WORK ITEM —
Provide an exact copy of the lines from the beginning of the records through the line that includes "Met de hand", and of no others.

DATA IN THIS EXERCISE START

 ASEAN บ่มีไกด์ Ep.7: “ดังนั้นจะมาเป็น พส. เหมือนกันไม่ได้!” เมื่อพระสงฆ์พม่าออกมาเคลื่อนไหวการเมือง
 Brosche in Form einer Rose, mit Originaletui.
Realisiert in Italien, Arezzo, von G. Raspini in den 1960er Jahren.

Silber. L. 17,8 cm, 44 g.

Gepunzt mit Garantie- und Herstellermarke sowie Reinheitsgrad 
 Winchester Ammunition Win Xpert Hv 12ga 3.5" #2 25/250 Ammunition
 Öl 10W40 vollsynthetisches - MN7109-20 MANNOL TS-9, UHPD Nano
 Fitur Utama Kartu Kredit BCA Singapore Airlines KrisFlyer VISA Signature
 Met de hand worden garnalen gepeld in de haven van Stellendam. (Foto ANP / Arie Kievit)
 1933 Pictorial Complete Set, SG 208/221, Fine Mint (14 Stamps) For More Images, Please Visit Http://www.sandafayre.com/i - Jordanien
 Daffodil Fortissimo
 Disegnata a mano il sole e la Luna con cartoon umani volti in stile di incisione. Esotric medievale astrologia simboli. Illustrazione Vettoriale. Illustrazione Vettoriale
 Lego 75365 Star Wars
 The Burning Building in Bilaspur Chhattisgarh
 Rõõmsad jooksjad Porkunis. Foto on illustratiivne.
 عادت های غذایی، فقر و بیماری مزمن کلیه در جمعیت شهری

DATA IN THIS EXERCISE END

RESPONSE AREA —
 ASEAN บ่มีไกด์ Ep.7: “ดังนั้นจะมาเป็น พส. เหมือนกันไม่ได้!” เมื่อพระสงฆ์พม่าออกมาเคลื่อนไหวการเมือง
 Brosche in Form einer Rose, mit Originaletui.
Realisiert in Italien, Arezzo, von G. Raspini in den 1960er Jahren.

Silber. L. 17,8 cm, 44 g.

Gepunzt mit Garantie- und Herstellermarke sowie Reinheitsgrad 
 Winchester Ammunition Win Xpert Hv 12ga 3.5" #2 25/250 Ammunition
 Öl 10W40 vollsynthetisches - MN7109-20 MANNOL TS-9, UHPD Nano
 Fitur Utama Kartu Kredit BCA Singapore Airlines KrisFlyer VISA Signature
 Met de hand worden garnalen gepeld in de haven van Stellendam. (Foto ANP / Arie Kievit)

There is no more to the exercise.